Reputation: 112
I'm a bit new to Python and Pandas and I'm trying to do a very simple thing, which is looping over a column of a pandas dataframe called df and modify a value, like in the following snippet
for i in range(0,len(df.time) - 1):
if df.time[i] == df.time[i+1]:
df.at[i,'time'] = df.time[i] - 1
df is the dataframe, which has the column "time". I'm looking for repetitive ticks on time, and if two subsequent timesteps have the same value, I decrement the first by 1.

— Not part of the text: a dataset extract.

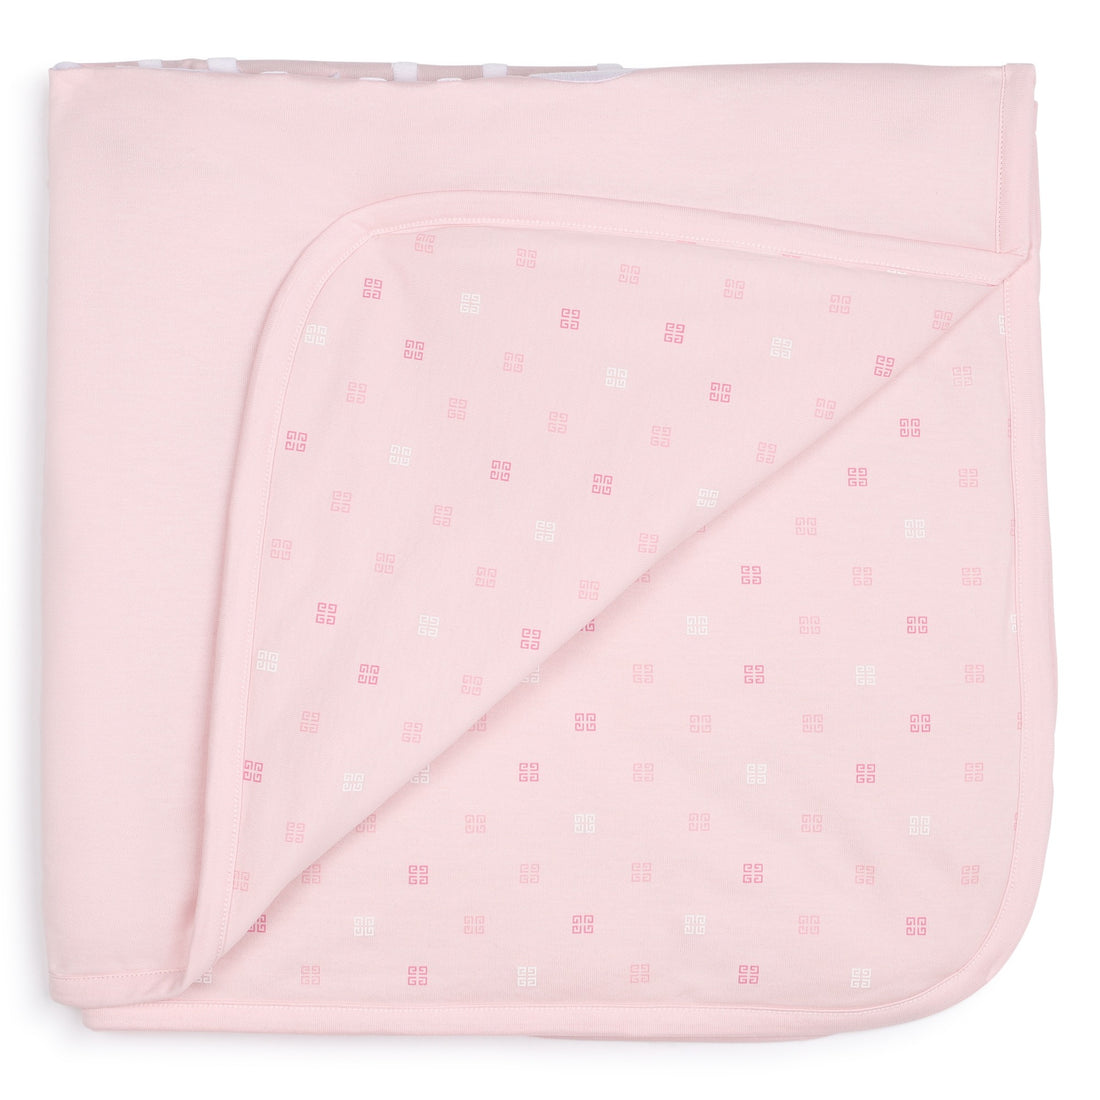 Givenchy Baby Blanket Marshmallow Pink - Soft and Cozy Comfort | Schools Out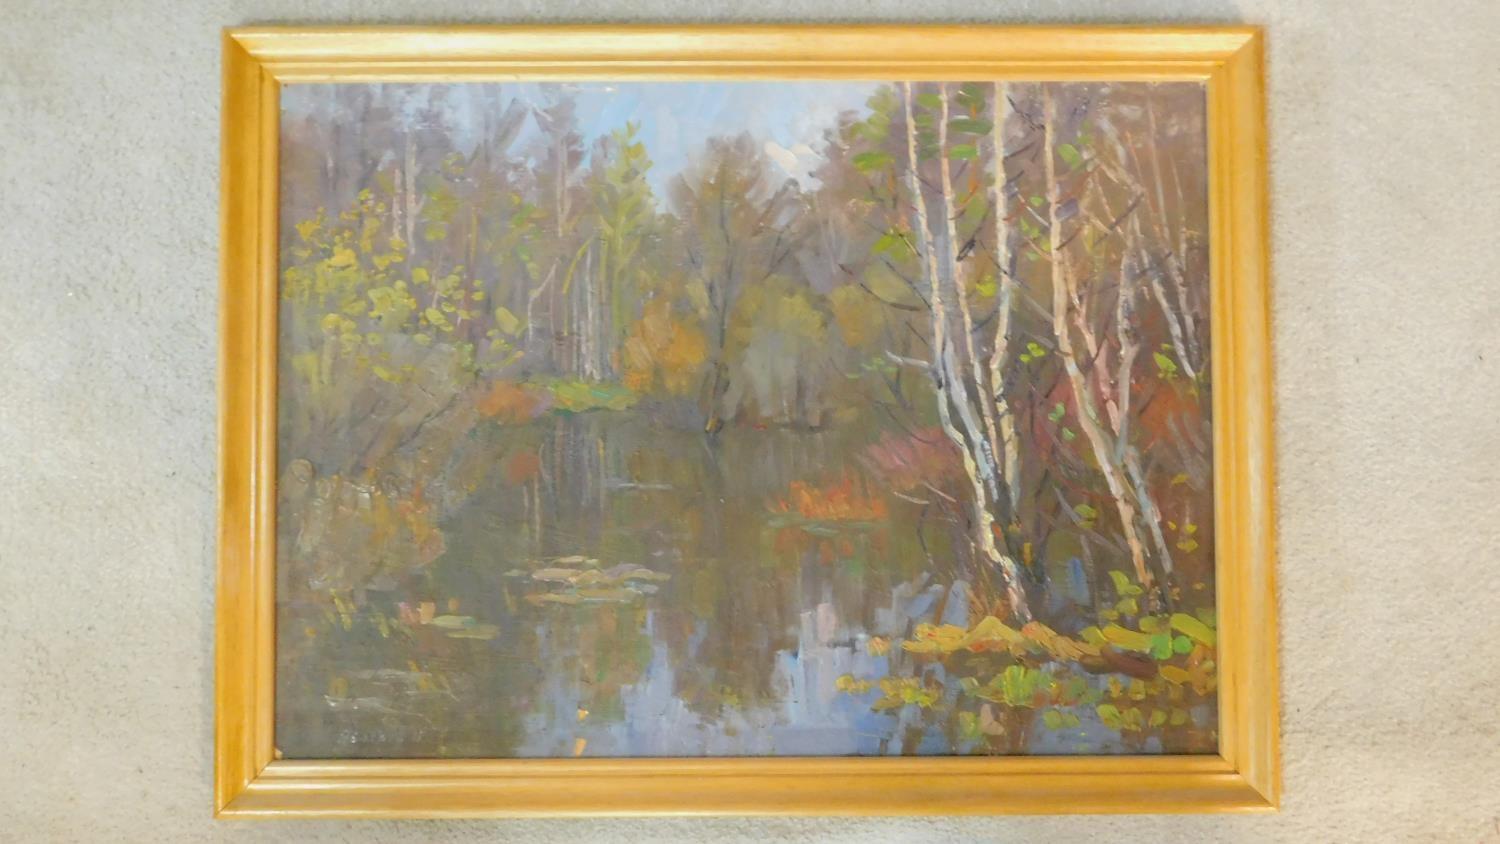 A framed oil on board, silver birches in a lakescape, signed in Russsian cyrillic, possibly N. - Image 2 of 6

The problem is that it takes too much time! I ran it for over 20 minutes and it didn't end! On Matlab, the same thing runs in seconds. Why is that and how can I fix? I should also say that the size of this dataframe is over 9 million.
Thanks in advance.
Upvotes: 0
Views: 100
Reputation: 210852
Is that what you want?
In [83]: df['new'] = df['time']
In [84]: df.loc[df.time.diff(-1).eq(0), 'new'] = df.loc[df.time.diff(-1).eq(0), 'time'] - 1
In [85]: df
Out[85]:
time new
0 1 1
1 2 2
2 4 3
3 4 4
4 5 5
5 7 6
6 7 7
7 8 8
Upvotes: 1